I did not see any signs of illness from any fishes in this tank.

The only other possibility i can think of is lack of diet. I do not feed Panda Cories separately, as they never seem to chase after any type of food I provide for others. 

thanks,


----------



## twoheadedfish (May 10, 2008)

without doing much research on the upside down cat, i'm going to assume it wasn't the cat that led to the cory's death.

i can tell you alllllll about dead corys. keeping them alive....that's a different story. (not that's it's difficult, i just have terrible luck).

so, firstly:

what's your nitrate/nitrite/ammonia levels?
Water temp?
Size of tank?
Weekly water changes?
Other member's of the tank?
What's your substrate like?

as far as lack of diet goes, fish can go quite some time without eating. so i doubt he starved to death.

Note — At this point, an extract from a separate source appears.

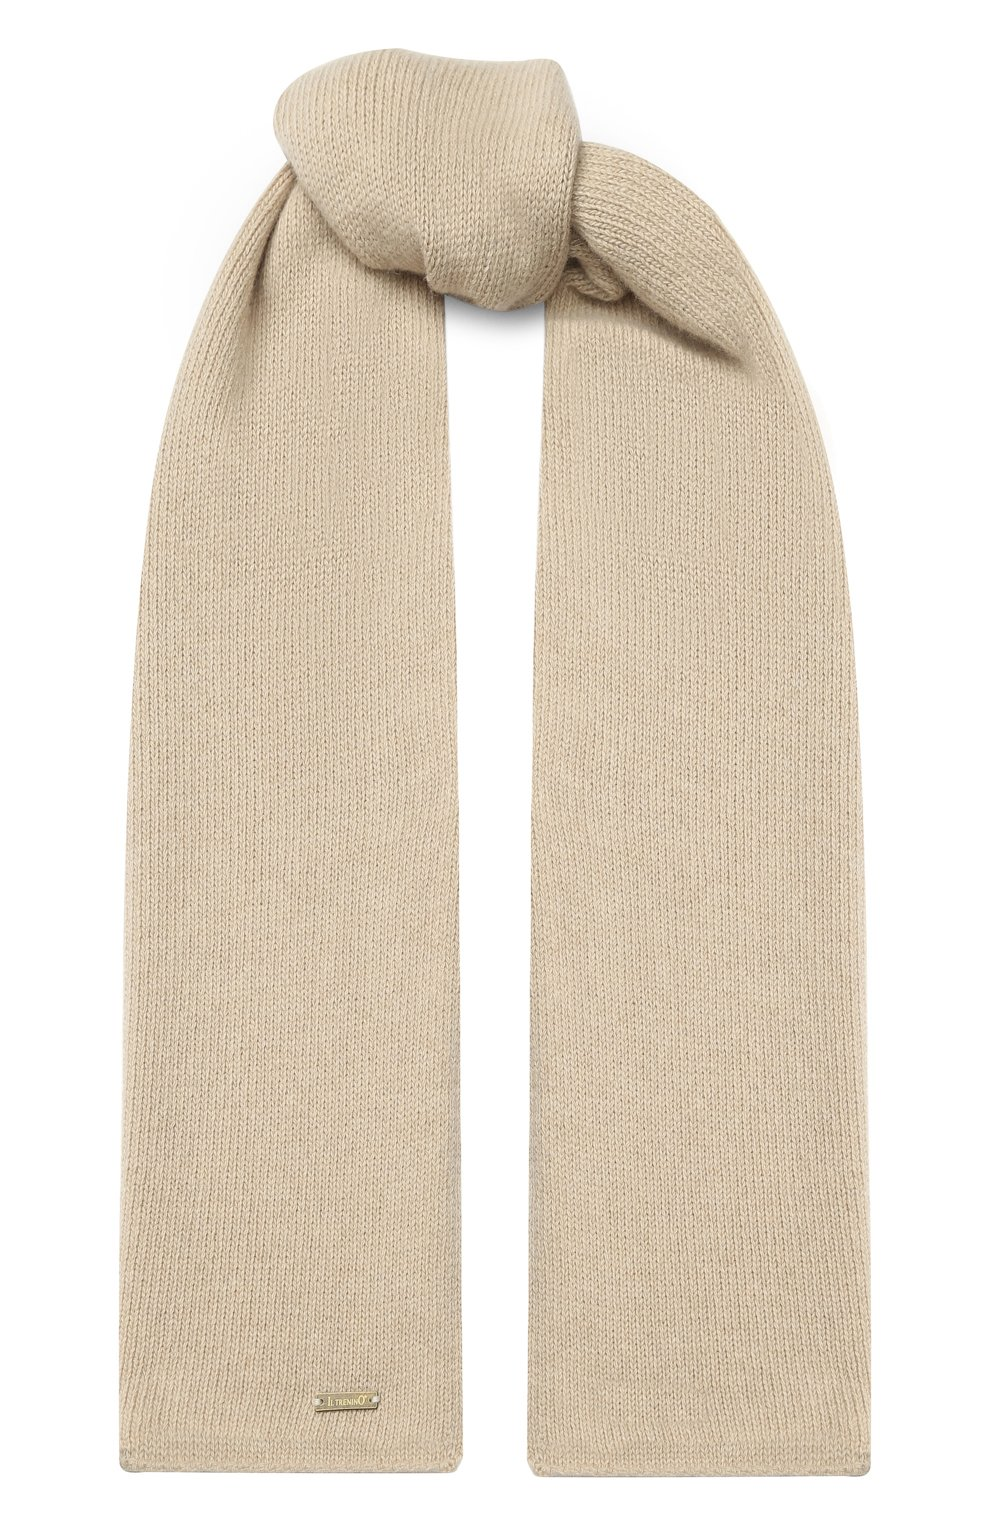 Детский шарф из шерсти и кашемира IL TRENINO бежевого цвета, арт. 17 5150/E0 | Фото 1

cheerio and thanks for posting.


----------



## twoheadedfish (May 10, 2008)

conix67 said:


> The tank is fully cycled so I do not believe it was water quality problem,


fyi, just because a tank is cycled doesn't mean water quality won't drop. an aqauriaist's main task is constistently warding off dropping water quality. The moment you finish topping off your tank for your weekly water change, the quality of the water drops. think of it as taking a car off the sales lot - immediate depreciation.


----------



## conix67 (Jul 27, 2008)

twoheadedfish said:


> without doing much research on the upside down cat, i'm going to assume it wasn't the cat that led to the cory's death.
> 
> i can tell you alllllll about dead corys. keeping them alive....that's a different story. (not that's it's difficult, i just have terrible luck).
> 
> ...


I checked ammonia level immediately after seeing cory's death. It's 0. I did not have time for others this morning.
Last time I checked these parameters was on July 22nd, 0ppm/0ppm/5ppm
water temp = 80F
tank size = 12Gal
weekly water change of about 40%
other members = dwarf gourami pair, 2 male 2 female guppies, 3 zebra danios, 2 platinum angels, 3 licorice gouramis, 2 amano shrimps, 1 panda cory
substrate = expoxy coated gravel, white, from Walmart

Thanks,


----------



## twoheadedfish (May 10, 2008)

well, nothing obviously wrong there. i could be wrong but the tank might be approaching over stock (but you're water params are fine, so whatever). temp's a tad high for corys. low to mid seventies is best for them. cory's are also schooling fish and should preferably be kept in schools of six or more. perhaps these slight factors lead to an explotation of the fish's immune system.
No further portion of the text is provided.